How to Evaluate Shares The Main Street Way

As at 31 December 2014 the price of 1 Berkshire Hathaway Inc. share stood at USD226,000.00 and it reflects well on the financial acument of its legendary founder, Warren Buffett. For a man who has made his massive fortune through investing in shares of companies, he has understandably a huge following. He is also admired by like-minded wealthy individuals for his philanthropy.
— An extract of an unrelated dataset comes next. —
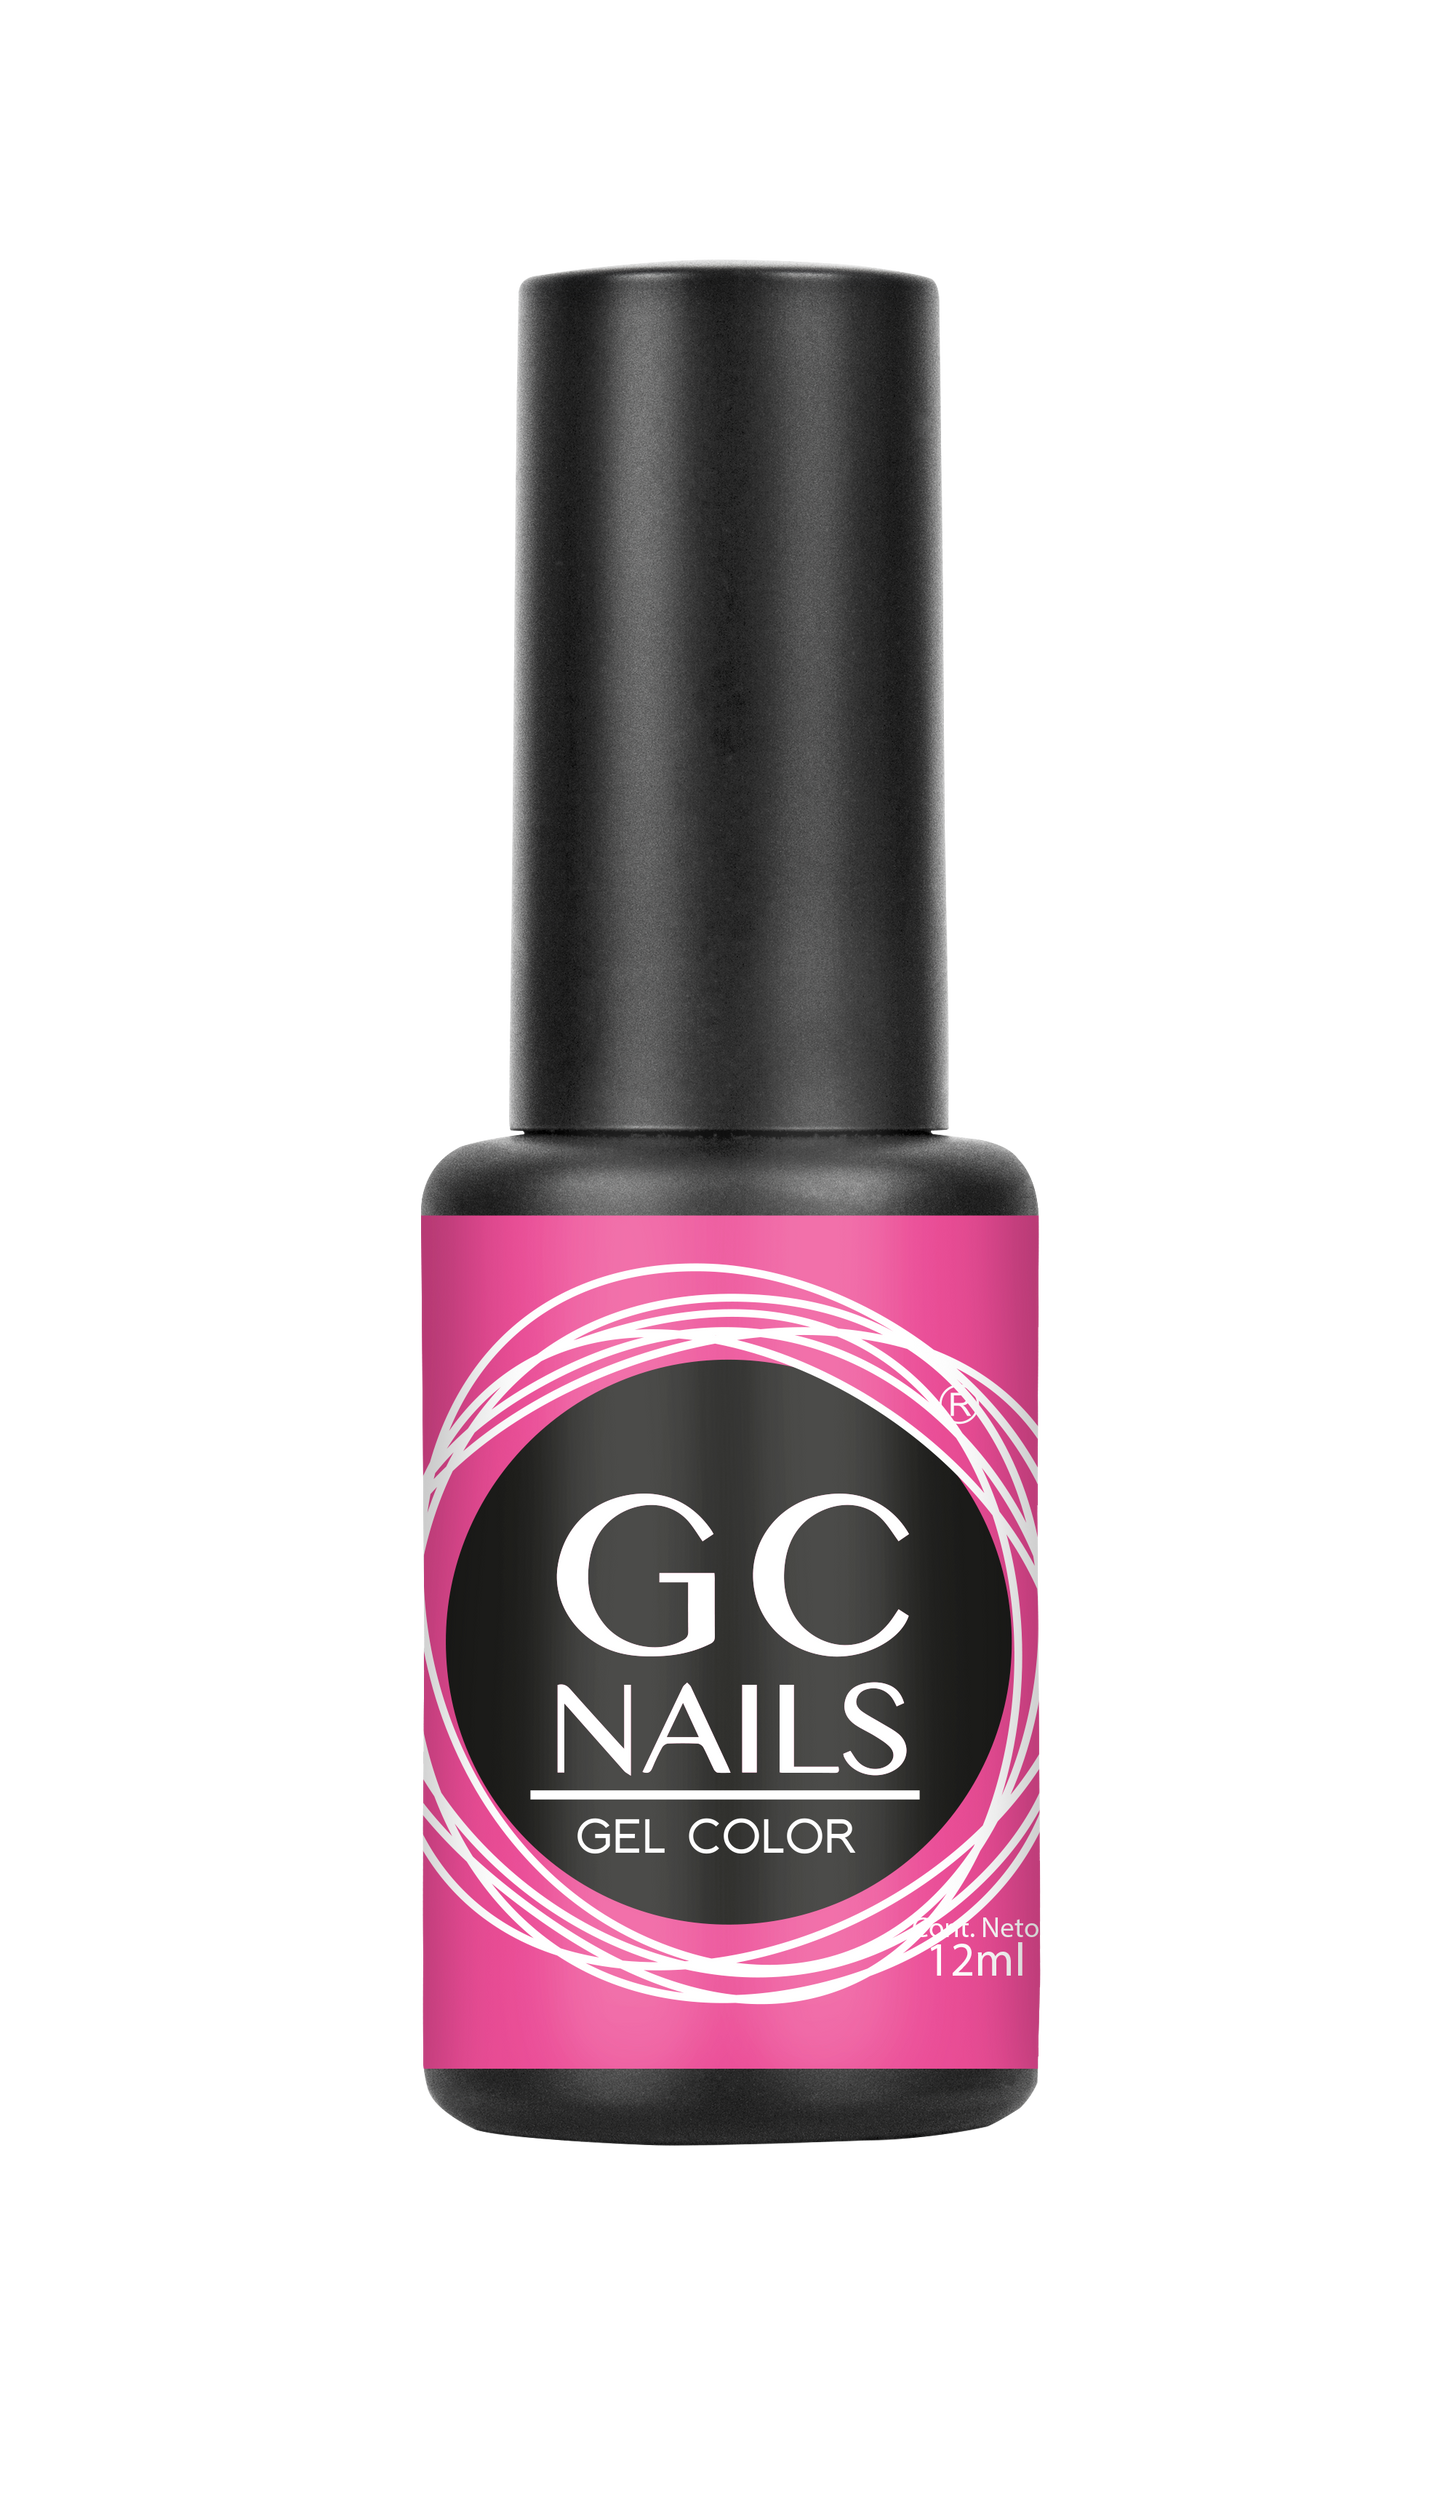 GC nails bel-color 12ml JAMBO GLOW 83

How did he do it? Mind you, he started young with ventures such as buying coca-cola in six-packs and selling them individually for a profit as well as hiring the other kids in the neighbourhood to expand his newspaper distribution network. He also read annual reports of companies and made his foray into the stock market. Later, he honed his investment skills by emulating the investment stategies promulgated by Benjamin Graham (the father of Value investing) and Philip fisher (the father of Growth investing).

So, how does Warren Buffett evaluate shares? First, he examines the business of the company instead of just looking at its price on Wall Street. He had been quoted saying that: "to many on Wall Street, both companies and stocks are seen only as raw materials for trades," and "I never attempt to make money on the stock market. I buy on the assumption that they would close the next day and not reopen it for five years. As far as you are concerned, the stock market does not exist. Ignore it. Much success can be attributed to inactivity. Most investors cannot resist the temptation to constantly buy and sell."

That's Buffett-speak; he knows the businesses that he has invested in comprehensively -- their competitive advantage or moat, their debt-equity ratio, profitability and so forth. For the rest of us, we simply cannot take this piece of advice to ignore the stock market altogether in isolation of other factors affecting the company and/or Wall Street.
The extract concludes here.